Ancient Roman ‘Hand of God’ uncovered near Hadrian’s Wall sheds light on one of bloodiest battles on British soil

Archaeologists made the fascinating discovery just weeks into a five-year excavation project at Roman Vindolanda near Hexham, Northumberland.

It was dug up 5ft below ground level and it is believed the 2.3kg hand was a gift to a military deity, reports the Independent.

The 10cm-long object is likely to have been handed over following a Roman victory in one of the largest combat operations in Britain.

The invasion of Caledonia in 208-210 AD saw an army of 40,000 Romans march north towards modern day Scotland and the resulting battle was one of the bloodiest on British soil.

Famous Roman emperor Septimius Severus led the attack against the local tribespeople but died in York in 211 AD.
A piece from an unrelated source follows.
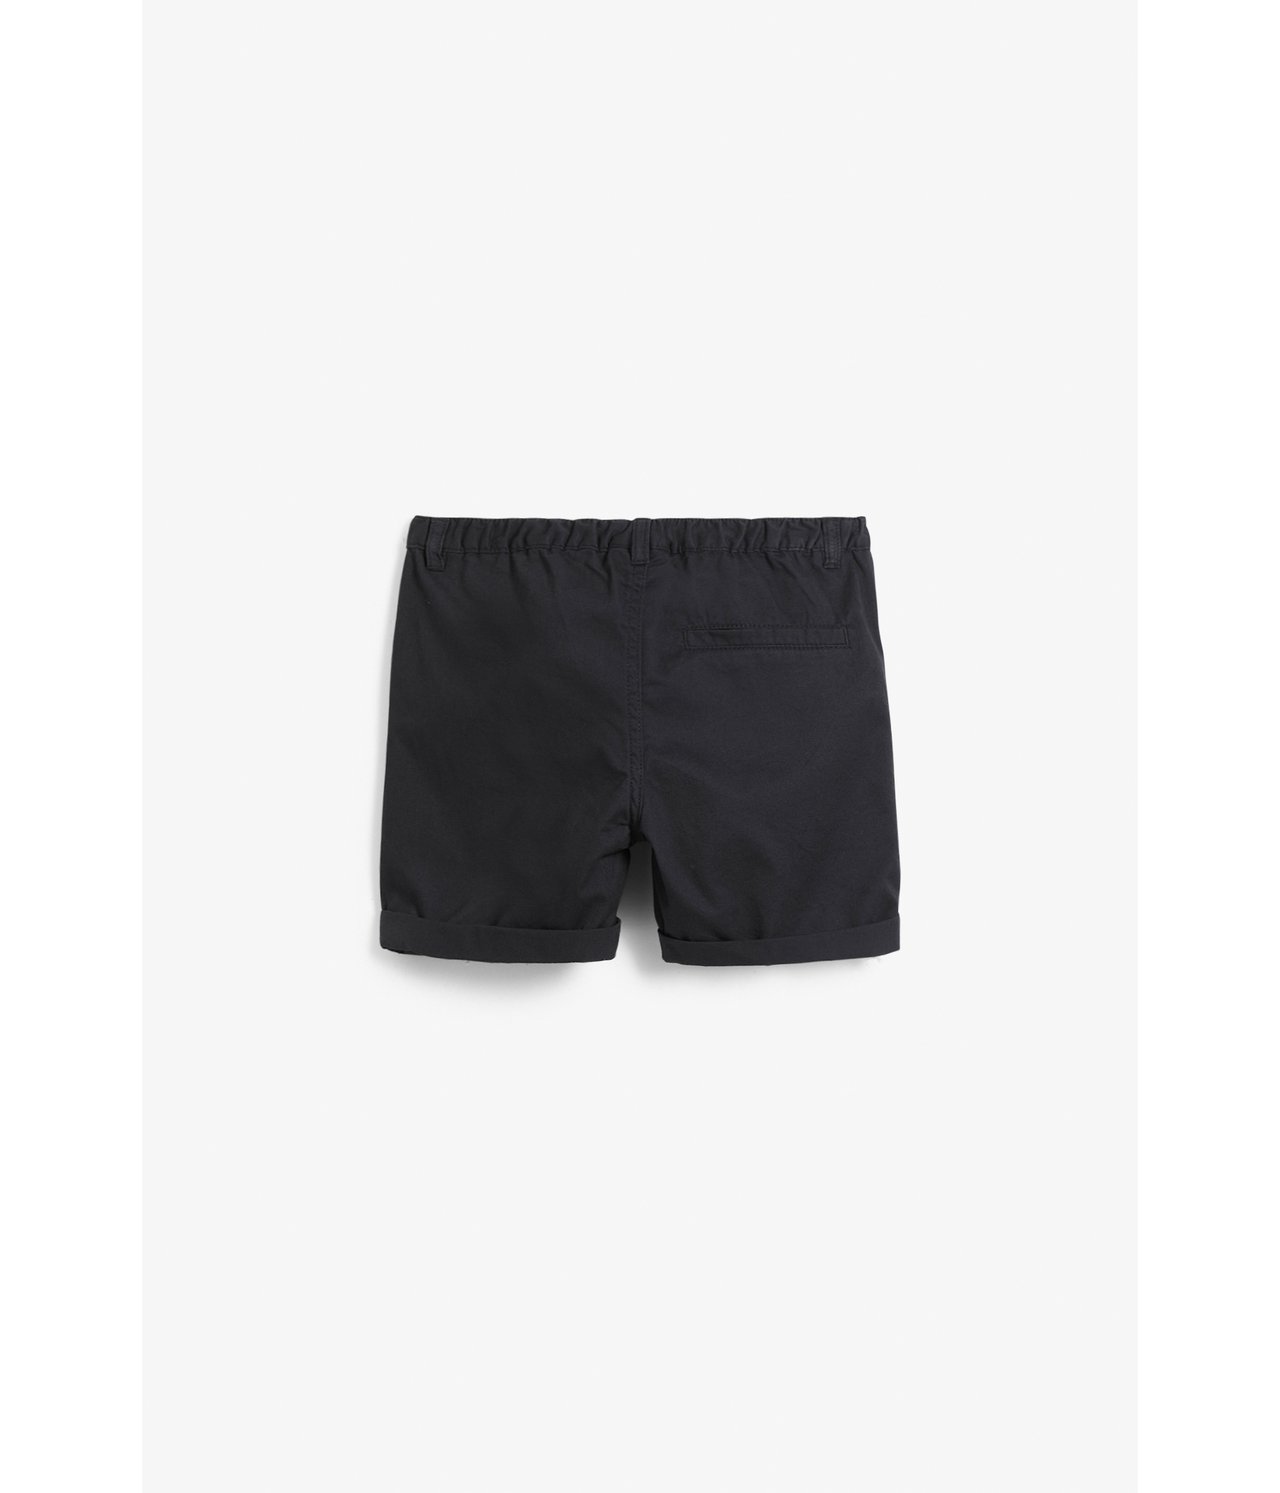 Vevd shorts - Svart - 3
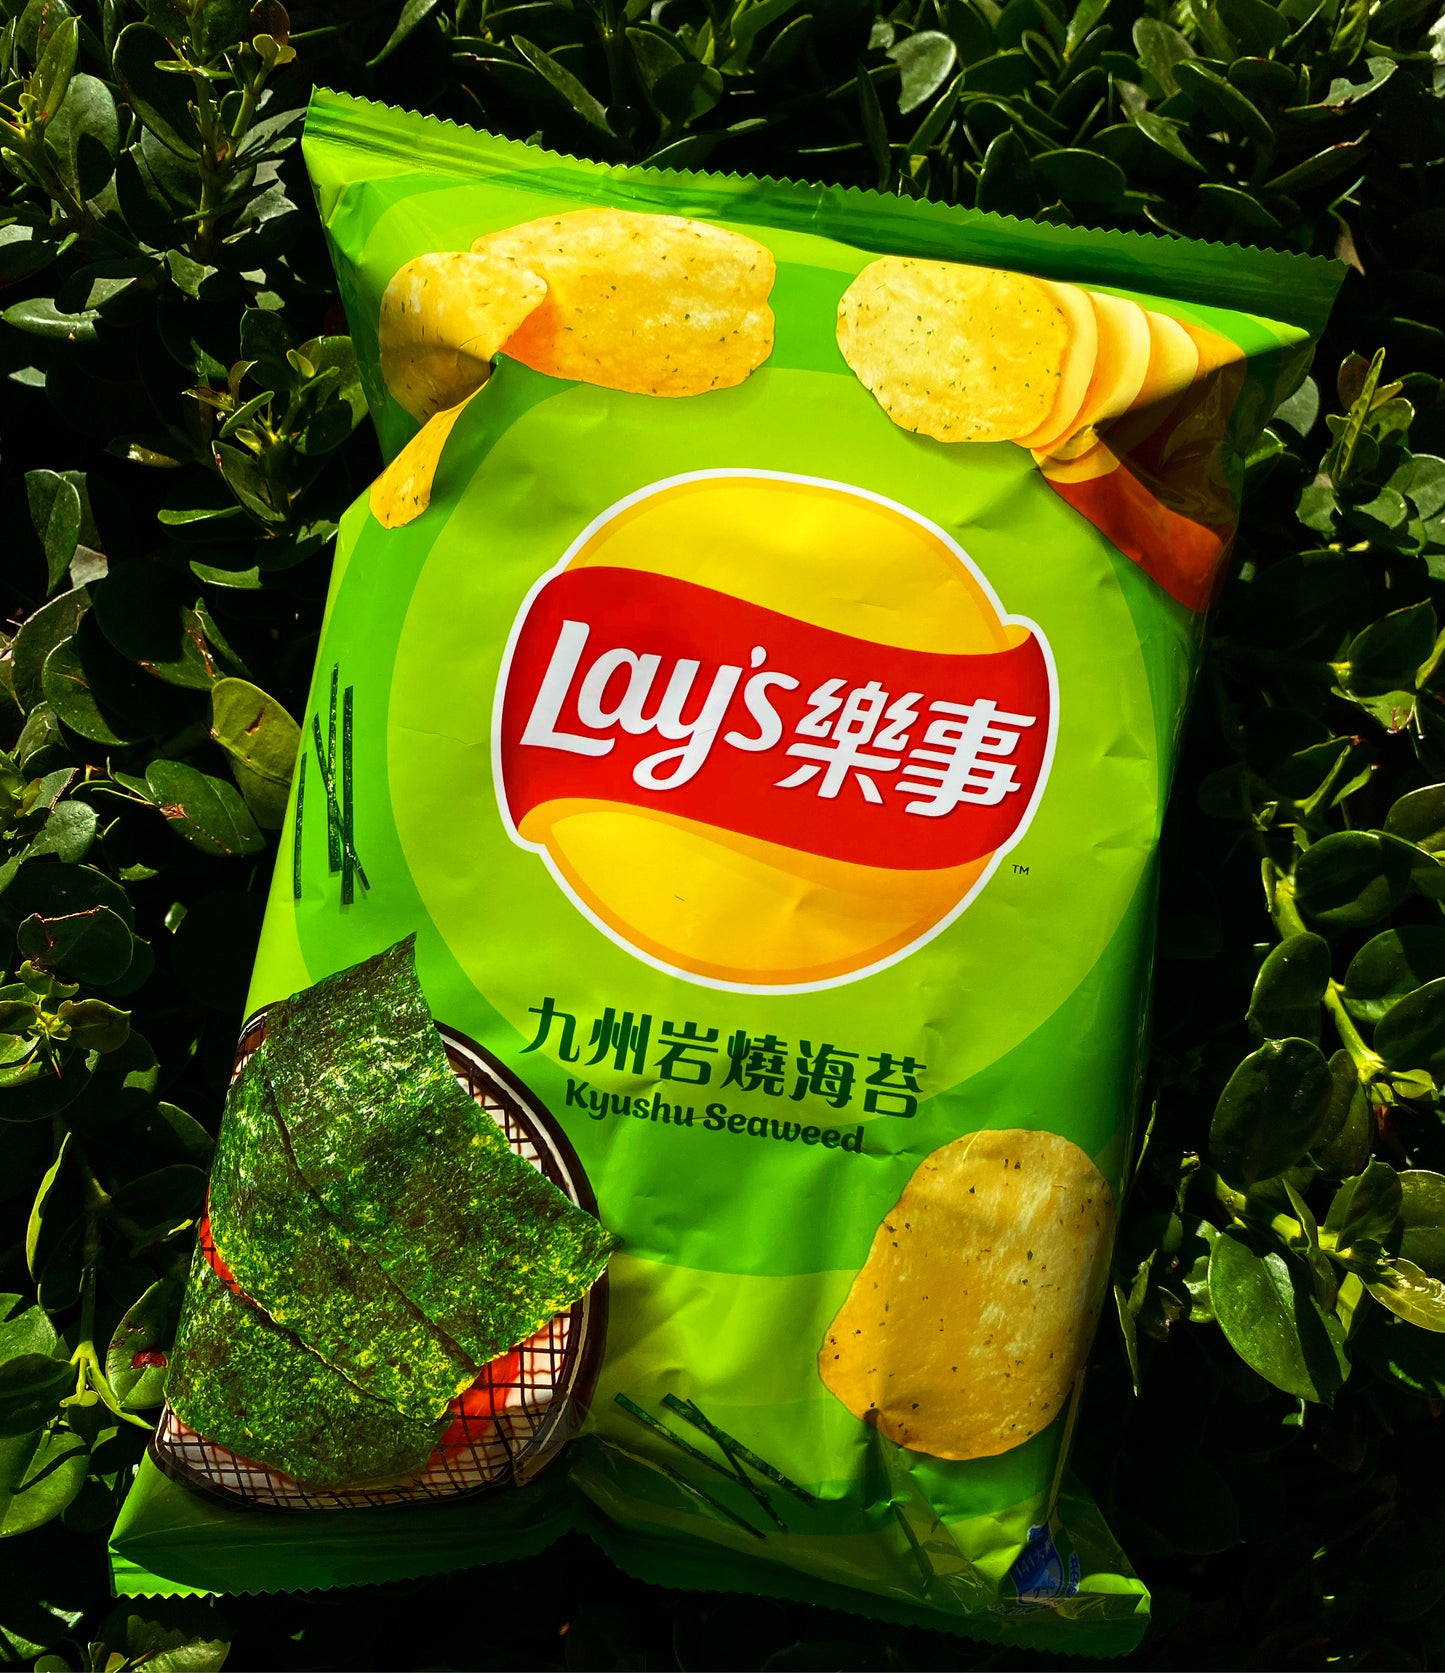 Lays Kyushu Seaweed (Taiwan)

His son eventually abandoned the invasion and the Romans withdrew to Hadrian’s Wall.

Cassius Dio, a famous Roman writer, said some 50,000 people were killed and it is believed the hand was buried by a Roman commander who was involved in the battle.

According to the Vindolanda Charitable Trust, the “child-sized” hand originally had an attachment which was inserted into the palm.

It was discovered just yards from a temple which was dedicated to Roman god Jupiter Dolichenus.

Archaeologists believe the hand is closely associated with Dolichenus as he is depicted “holding a thunderbolt in his hand with upraised arm signifying his destructive power”.

Dr Andrew Birley, CEO and Director of Excavations at the Vindolanda Trust, said: “We did not expect to find such a beautifully preserved and rare cult artefact so soon after the start of the 2018 excavation season.

“When we excavated the nearby temple to Dolichenus in 2009 it was clear that the temple treasures had been removed in Roman times.

“However, this find being made in a nearby area reminds us that the life of the temple and the practices associated with the worship of Dolichenus had clearly stretched beyond the confines of its stone walls.”

The historic hand is now on public display at the Vindolanda museum.